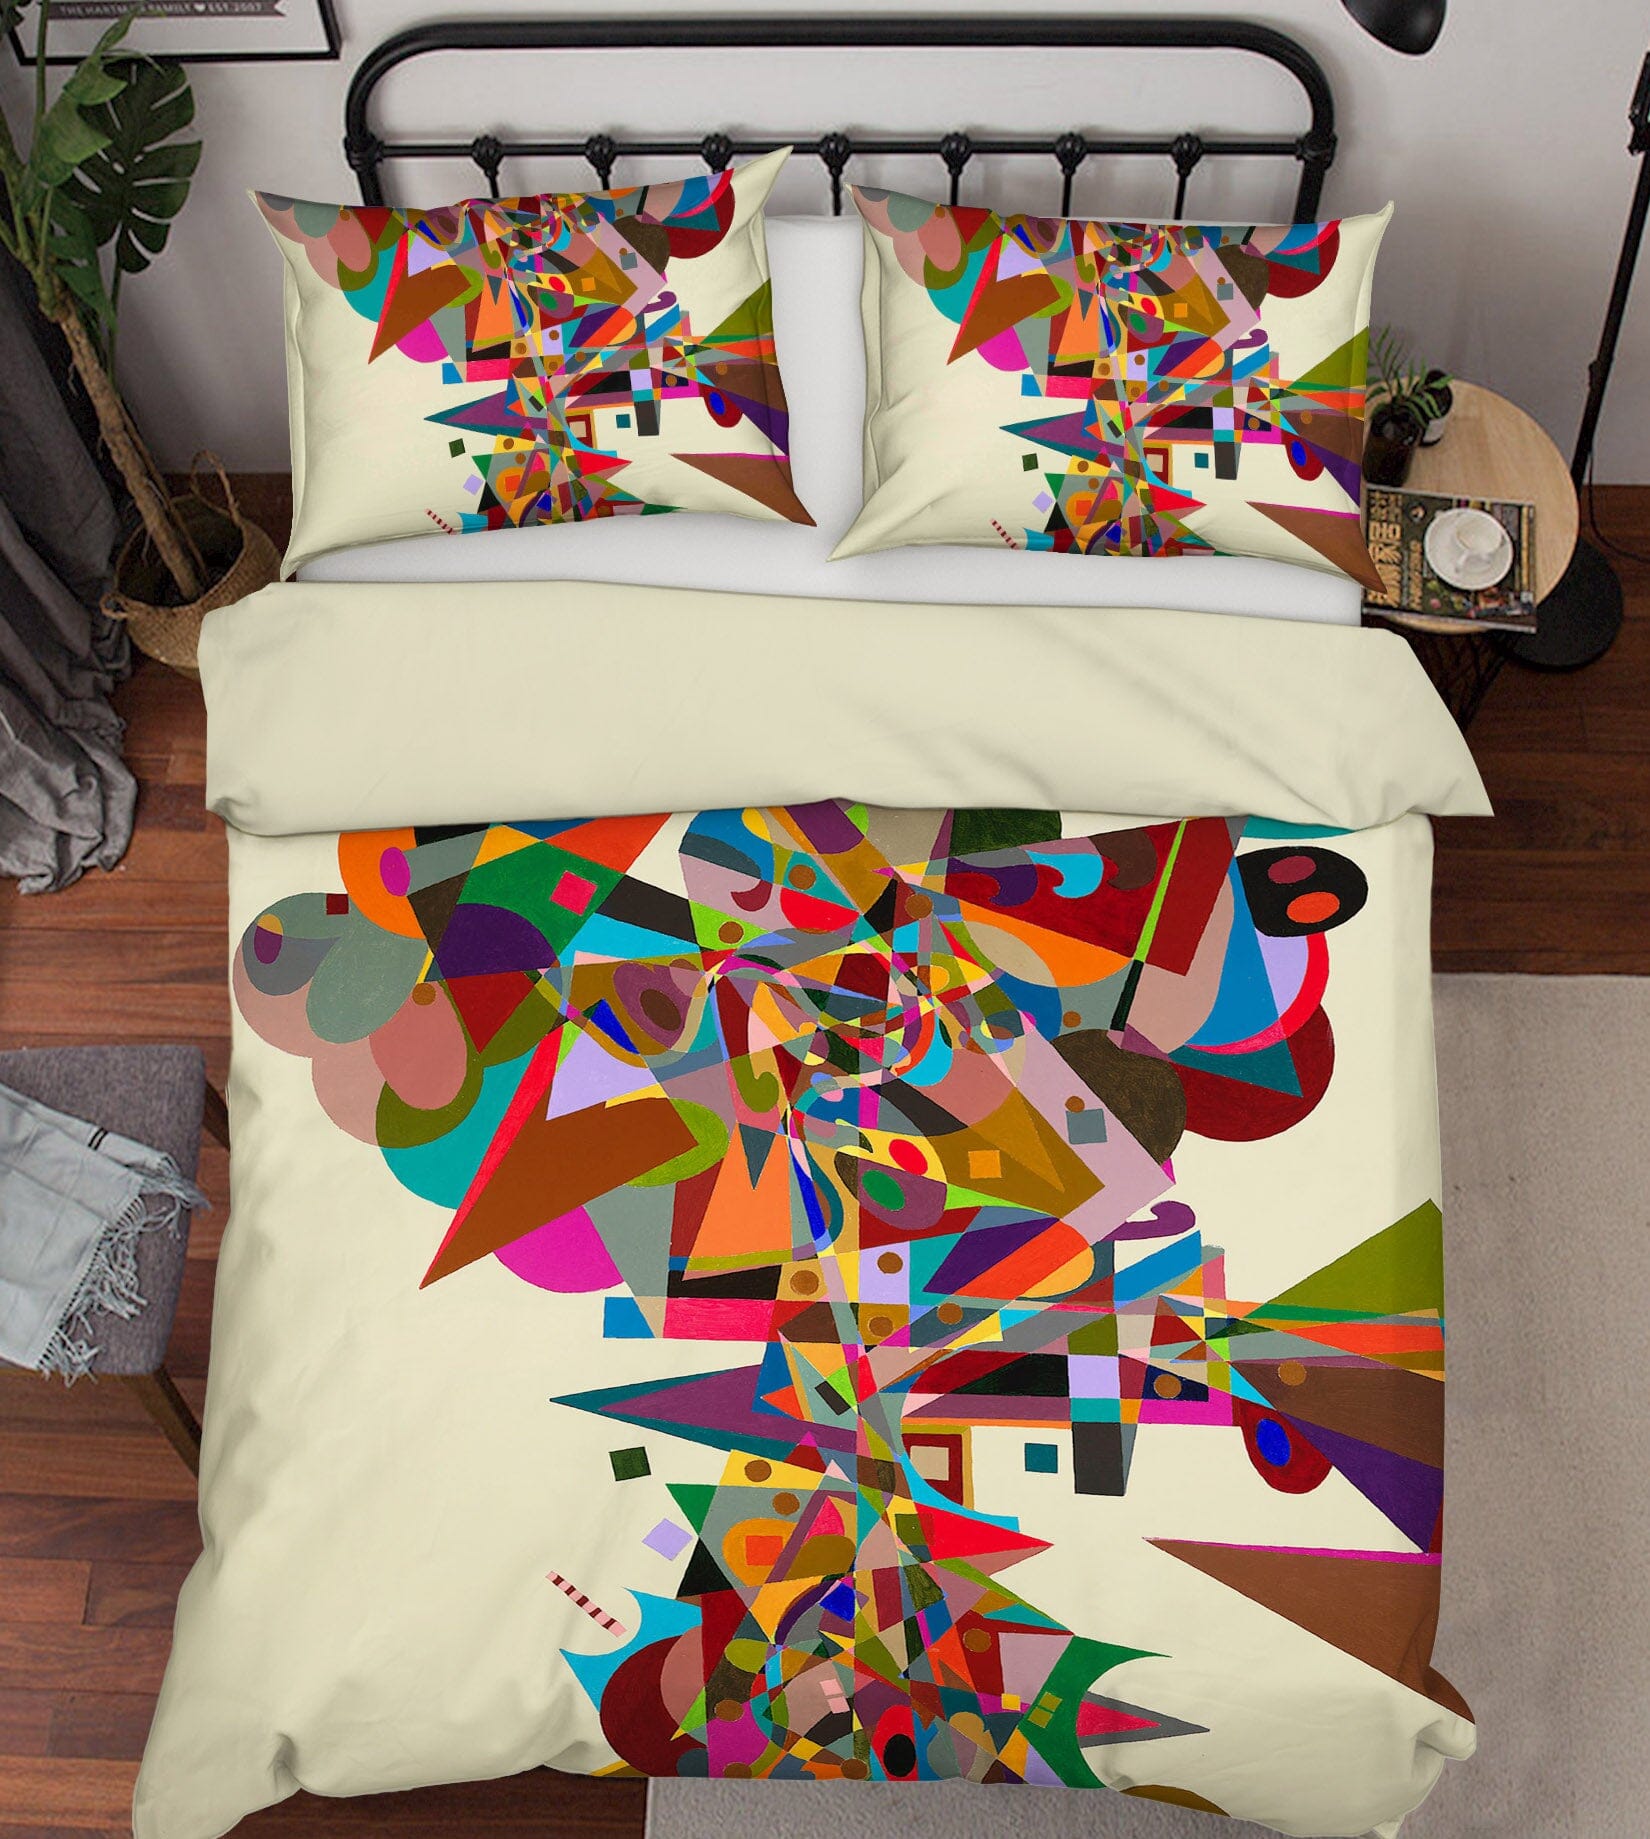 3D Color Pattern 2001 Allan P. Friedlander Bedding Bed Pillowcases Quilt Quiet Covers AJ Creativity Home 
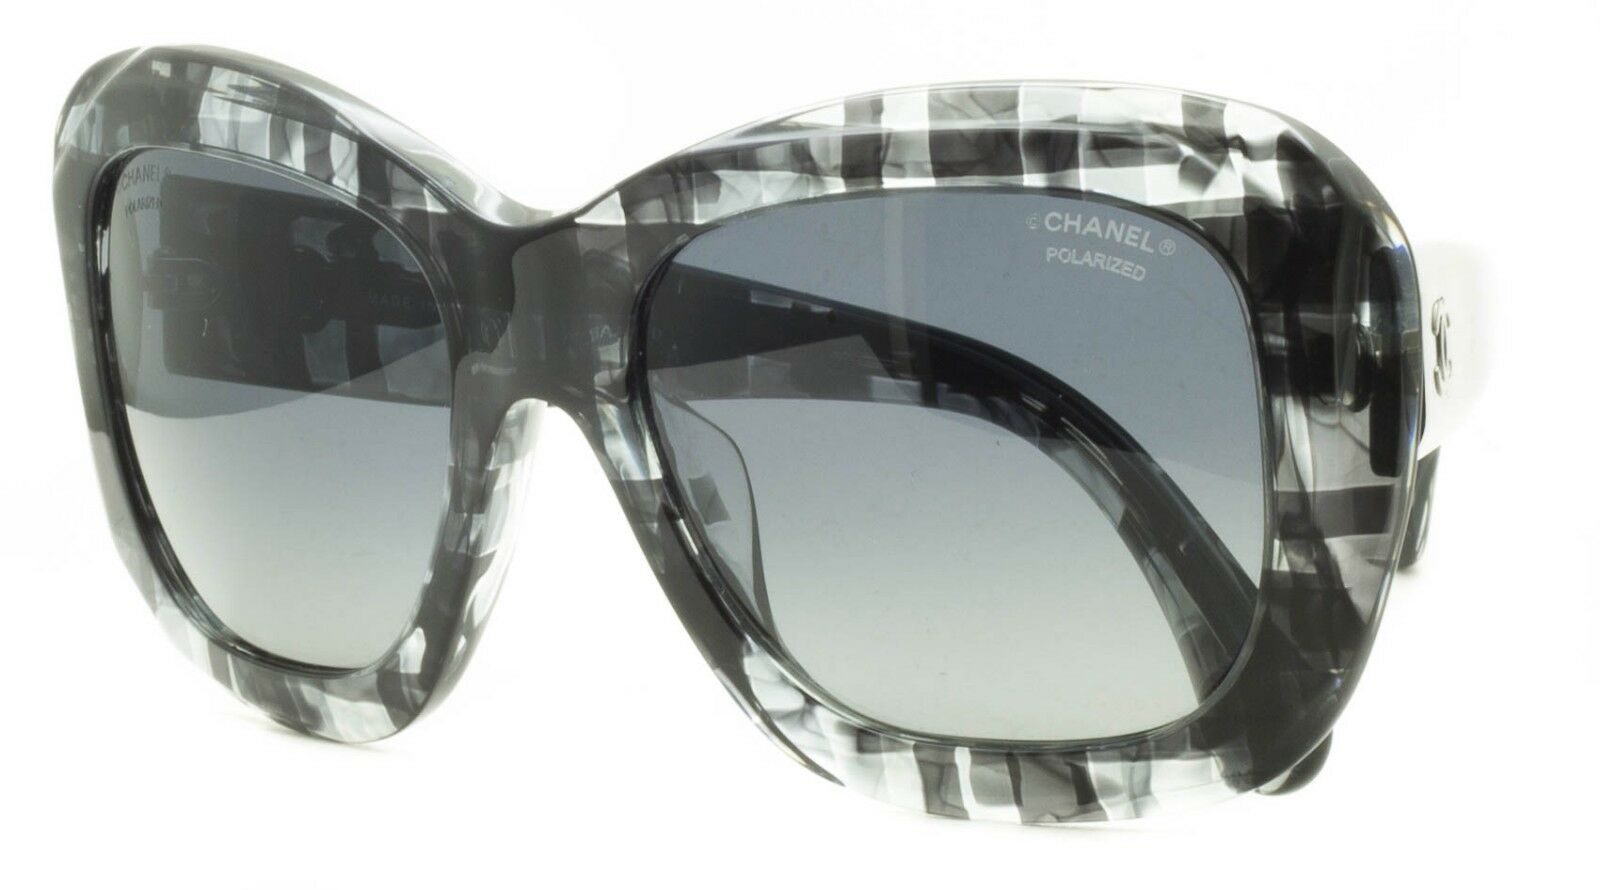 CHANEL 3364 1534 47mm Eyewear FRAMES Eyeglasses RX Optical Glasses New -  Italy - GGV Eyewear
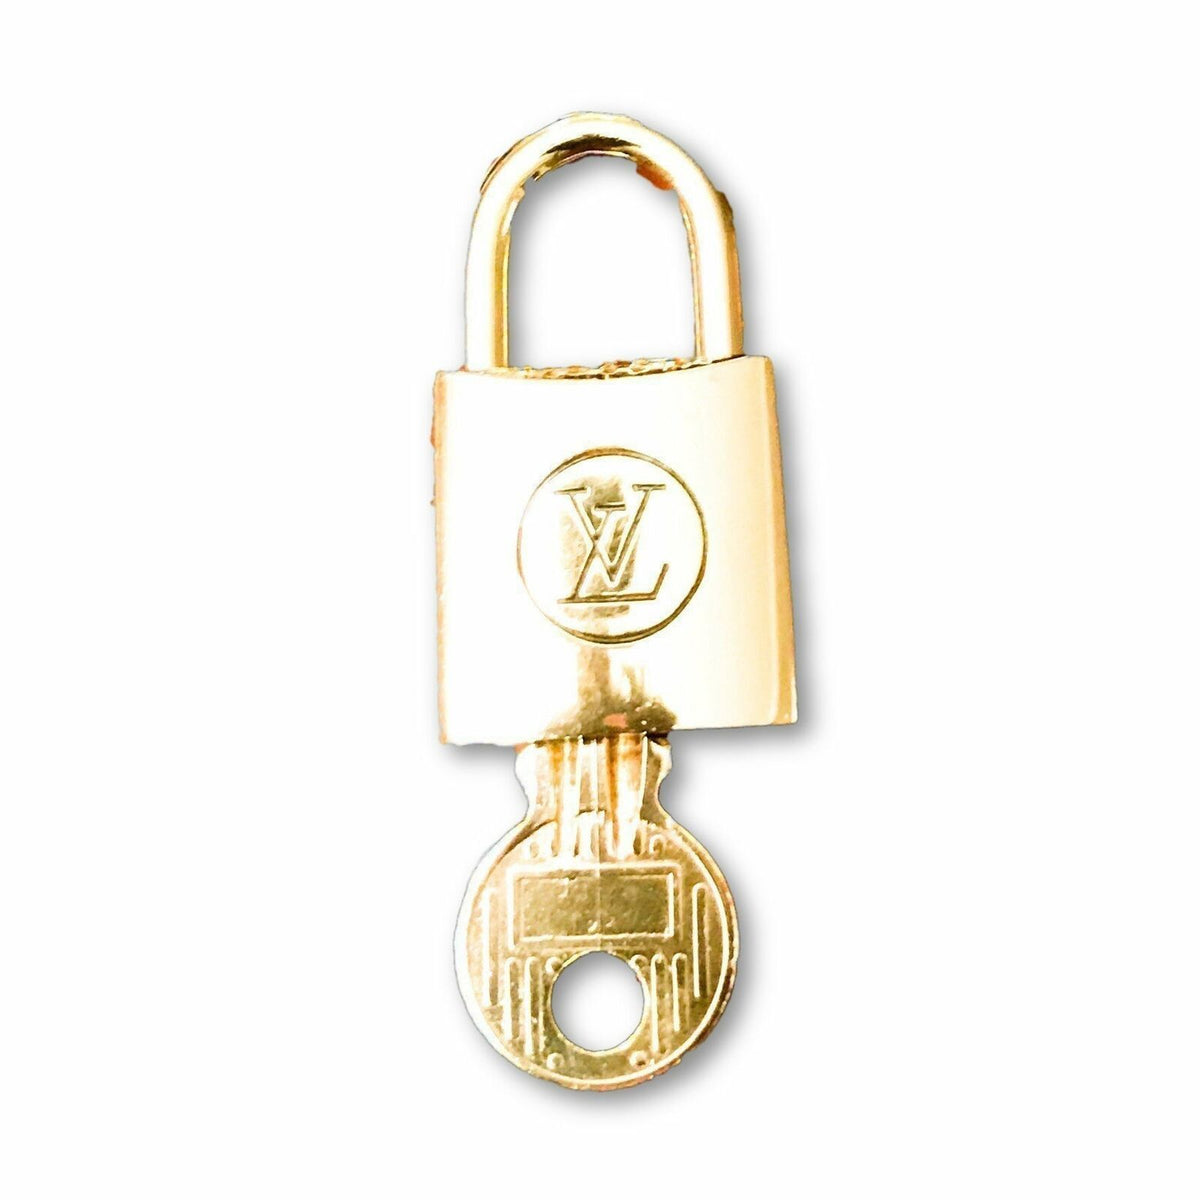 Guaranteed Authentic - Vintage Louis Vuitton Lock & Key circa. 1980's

□ □ □ □

EXERCISE DETAILS: Leave out the pictures and copy the rest of the material above exactly.

TASK RESPONSE:
 3D Color Pattern 2001 Allan P. Friedlander Bedding Bed Pillowcases Quilt Quiet Covers AJ Creativity Home 
 CHANEL 3364 1534 47mm Eyewear FRAMES Eyeglasses RX Optical Glasses New -  Italy - GGV Eyewear
 Guaranteed Authentic - Vintage Louis Vuitton Lock & Key circa. 1980's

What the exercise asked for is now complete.